Unique Protocol Identification Number
NCT00324831
Brief Title
GM-CSF With or Without Vaccine Therapy After Combination Chemotherapy and Rituximab as First-Line Therapy in Treating Patients With Stage II, Stage III, or Stage IV Diffuse Large B-Cell Lymphoma
Official Title
Phase III, Double-Blind, Randomized, Placebo-Controlled Trial of FavID® (Id/KLH) and GM-CSF Following CHOP/Rituximab as First-Line Therapy in Subjects With High-Intermediate and High-Risk Diffuse Large B-Cell Lymphoma
Study Type
Interventional

2. Study Status

Record Verification Date
March 2007
Overall Recruitment Status
Suspended
Study Start Date
undefined (undefined)
Primary Completion Date
undefined (undefined)
Study Completion Date
undefined (undefined)

3. Sponsor/Collaborators

Name of the Sponsor
Favrille

4. Oversight

5. Study Description

Brief Summary
RATIONALE: Drugs used in chemotherapy, such as cyclophosphamide, doxorubicin, vincristine, and prednisone, work in different ways to stop the growth of cancer cells, either by killing the cells or by stopping them from dividing. Monoclonal antibodies, such as rituximab, can block cancer growth in different ways. Some block the ability of cancer cells to grow and spread. Others find cancer cells and help kill them or carry cancer-killing substances to them. Colony-stimulating factors, such as GM-CSF, may increase the number of immune cells found in bone marrow or peripheral blood and may help the immune system recover from the side effects of chemotherapy. Vaccines made from a person's cancer cells may help the body build an effective immune response to kill cancer cells. It is not yet known whether giving GM-CSF together with vaccine therapy is more effective than giving GM-CSF together with a placebo when given after combination chemotherapy and rituximab in treating diffuse large B-cell lymphoma. PURPOSE: This randomized phase III trial is studying GM-CSF and vaccine therapy to see how well they work compared to GM-CSF and placebo when given after combination chemotherapy and rituximab as first-line therapy in treating patients with stage II, stage III, or stage IV diffuse large B-cell lymphoma.
Detailed Description
OBJECTIVES: Primary Compare the 3-year disease-free survival of patients with high-intermediate- or high-risk bulky stage II or stage III or IV diffuse large B-cell lymphoma treated with sargramostim (GM-CSF) with or without autologous immunoglobulin idiotype-KLH conjugate vaccine (FavId®) after combination chemotherapy comprising cyclophosphamide, doxorubicin, vincristine, prednisone, and rituximab (CHOP-R).
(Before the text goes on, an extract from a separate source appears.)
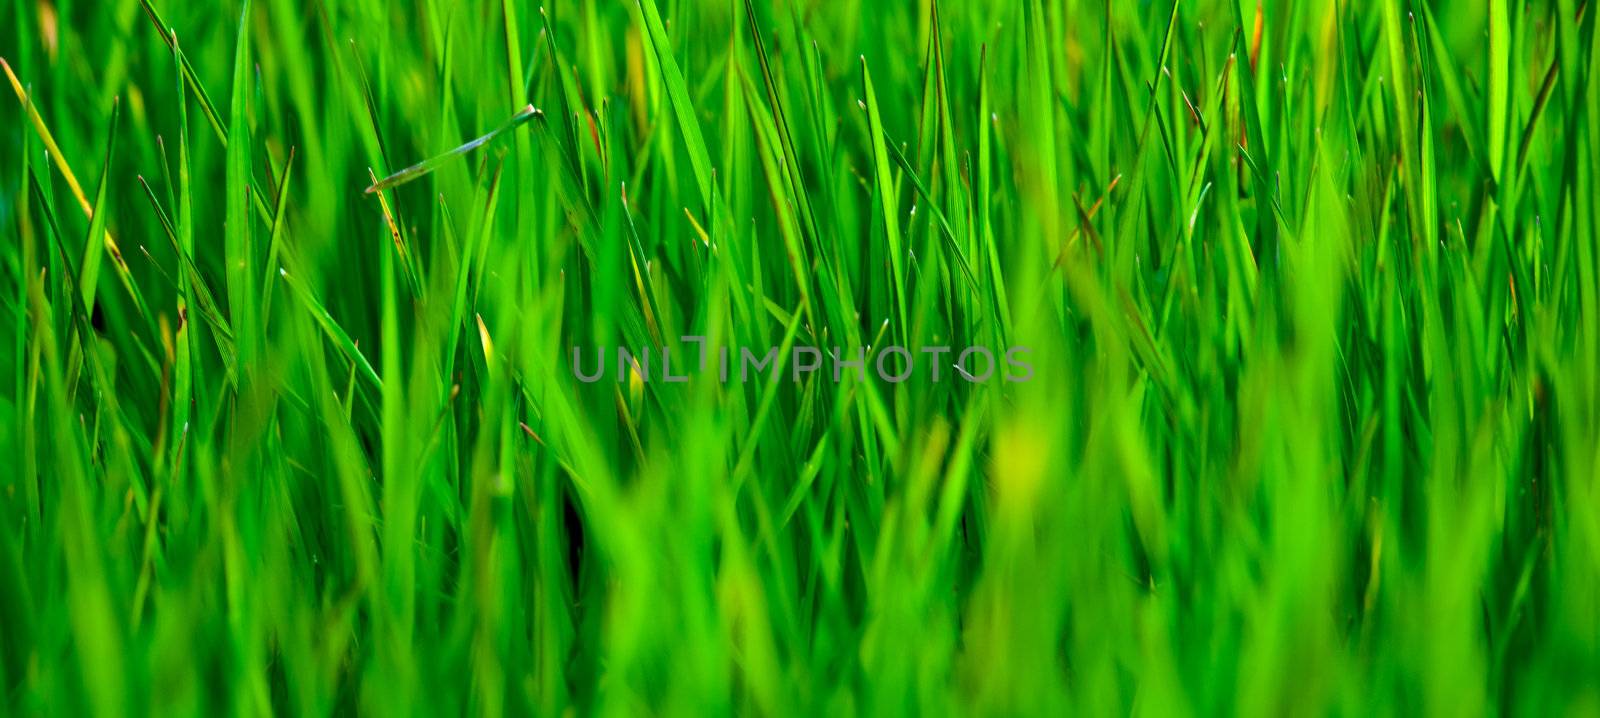 Grass by Iko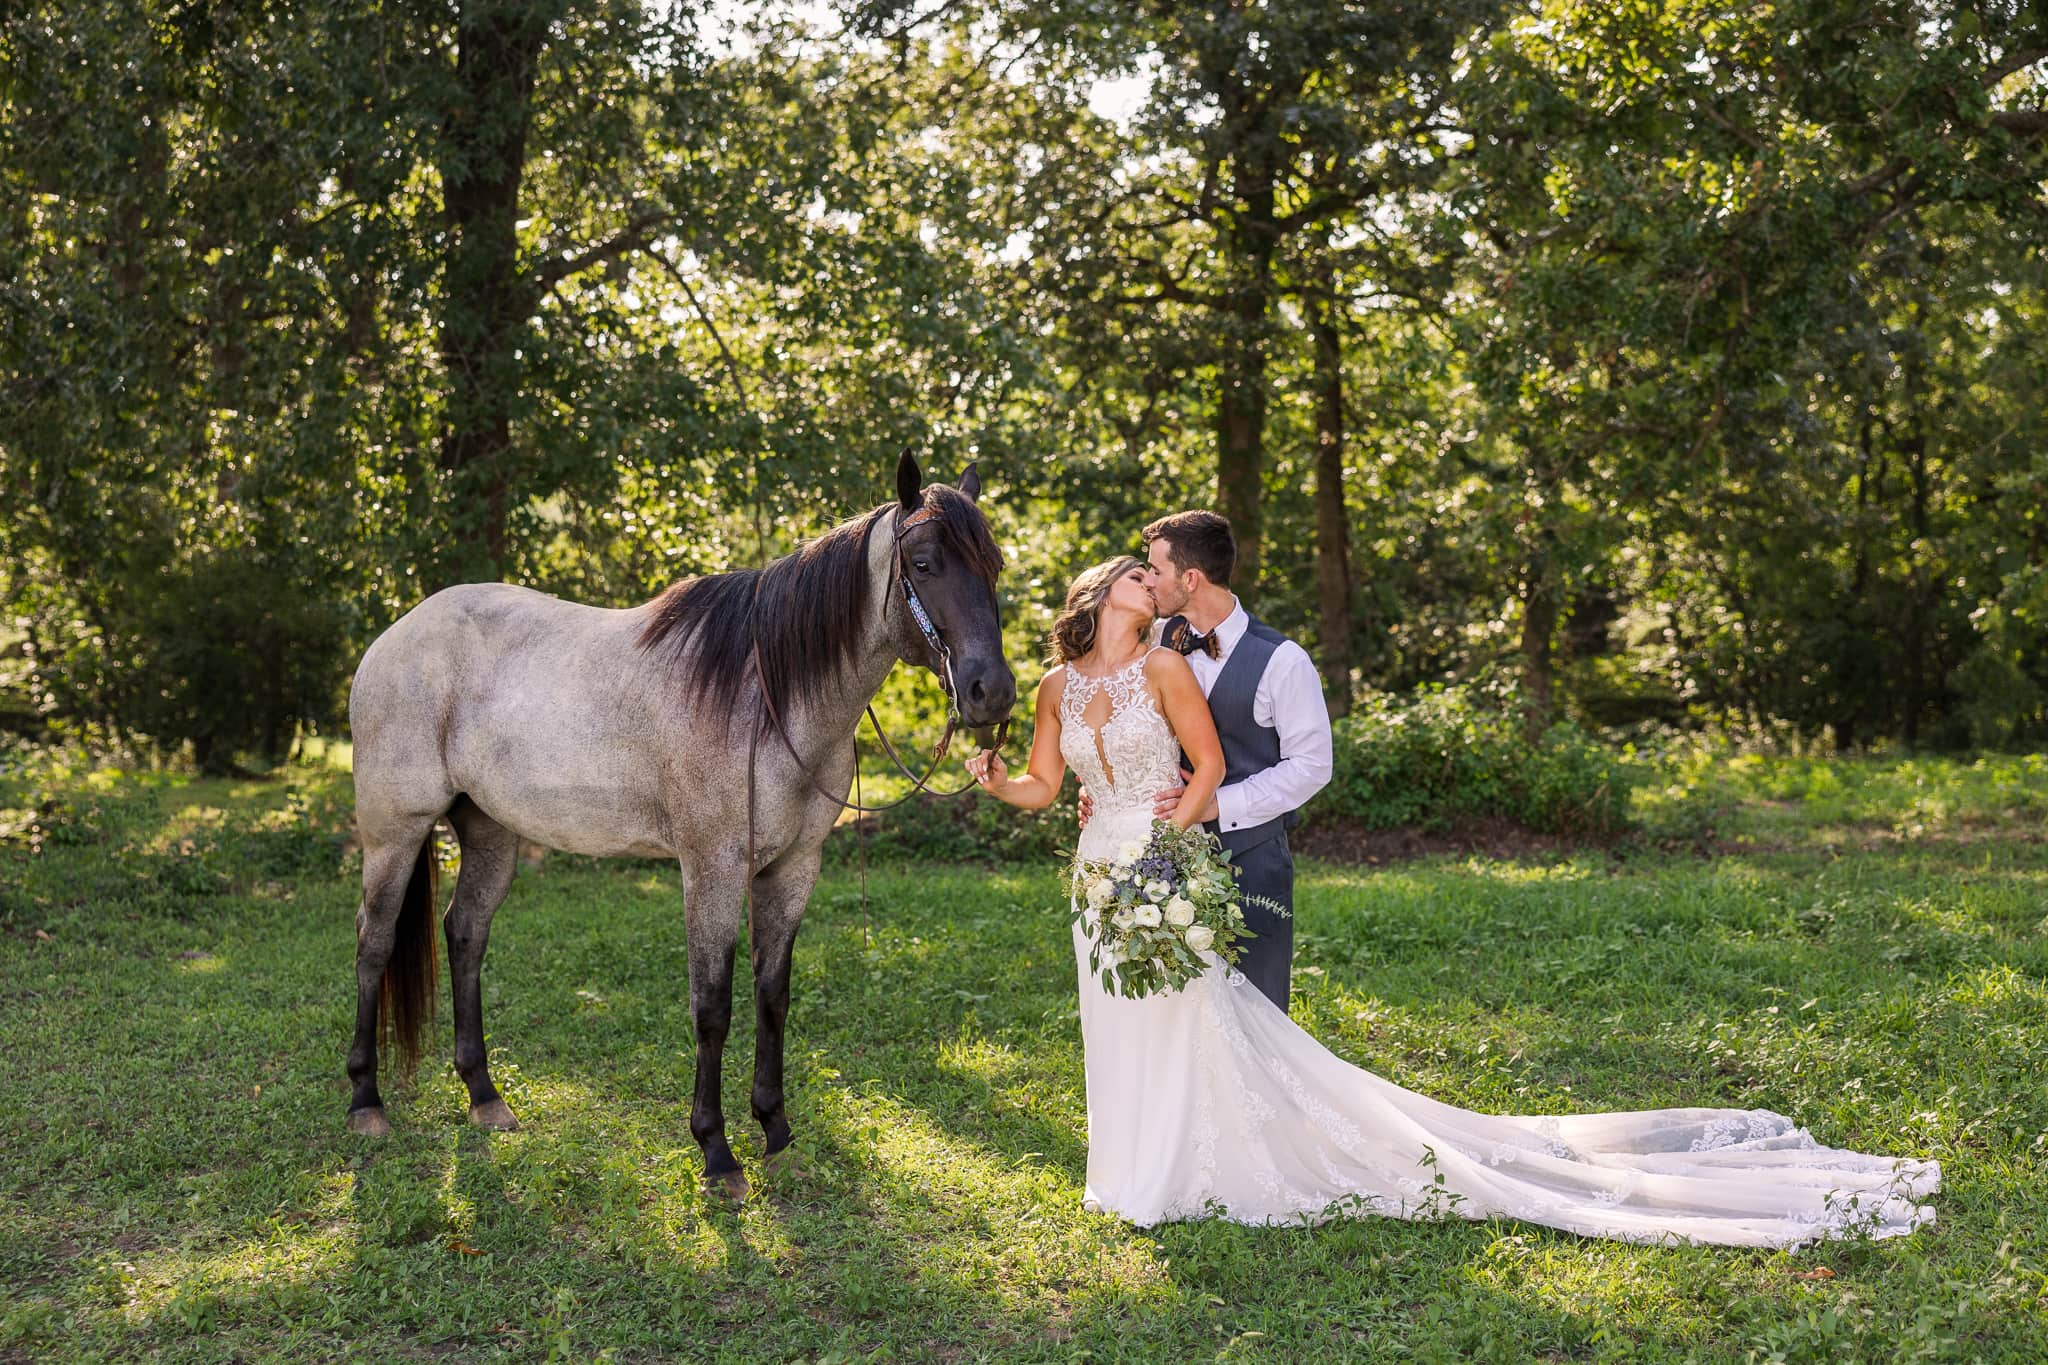 Outdoors in front of stand of trees, with the sun filtering through behind, stands a bride and groom, sharing a kiss with their beloved horse beside them.

Secondary Compare the 2-year disease-free survival, duration of response, time to progression, overall survival, and safety in patients treated with these regimens. Estimate the rate of immune reactivity to FavId®. OUTLINE: This is a randomized, double-blind, placebo-controlled study. Patients are stratified according to risk score (3 [high-intermediate] vs 4 or 5 [high]). Chemotherapy: Patients receive cyclophosphamide IV, doxorubicin hydrochloride IV, vincristine IV, and rituximab IV on day 1 and oral prednisone on days 1-5. Treatment repeats every 21 days for up to 8 courses in the absence of disease progression or unacceptable toxicity. Sargramostim (GM-CSF) with or without autologous immunoglobulin idiotype-KLH conjugate vaccine (FavId®): Patients achieving complete remission (CR) or unconfirmed CR after chemotherapy and who have FavId® available are randomized to 1 of 2 treatment arms. Arm I: Patients receive FavId® vaccine subcutaneously (SC) on day 1. Patients also receive sargramostim (GM-CSF) SC on days 1-4. Arm II: Patients receive placebo SC on day 1 and GM-CSF SC as in arm I. In both arms, treatment repeats once a month for 6 months and then once every 2 months for 24 months (18 total vaccinations) in the absence of disease progression or unacceptable toxicity. After completion of study treatment, patients are followed periodically for up to 2 years. PROJECTED ACCRUAL: A total of 480 patients will be accrued for this study.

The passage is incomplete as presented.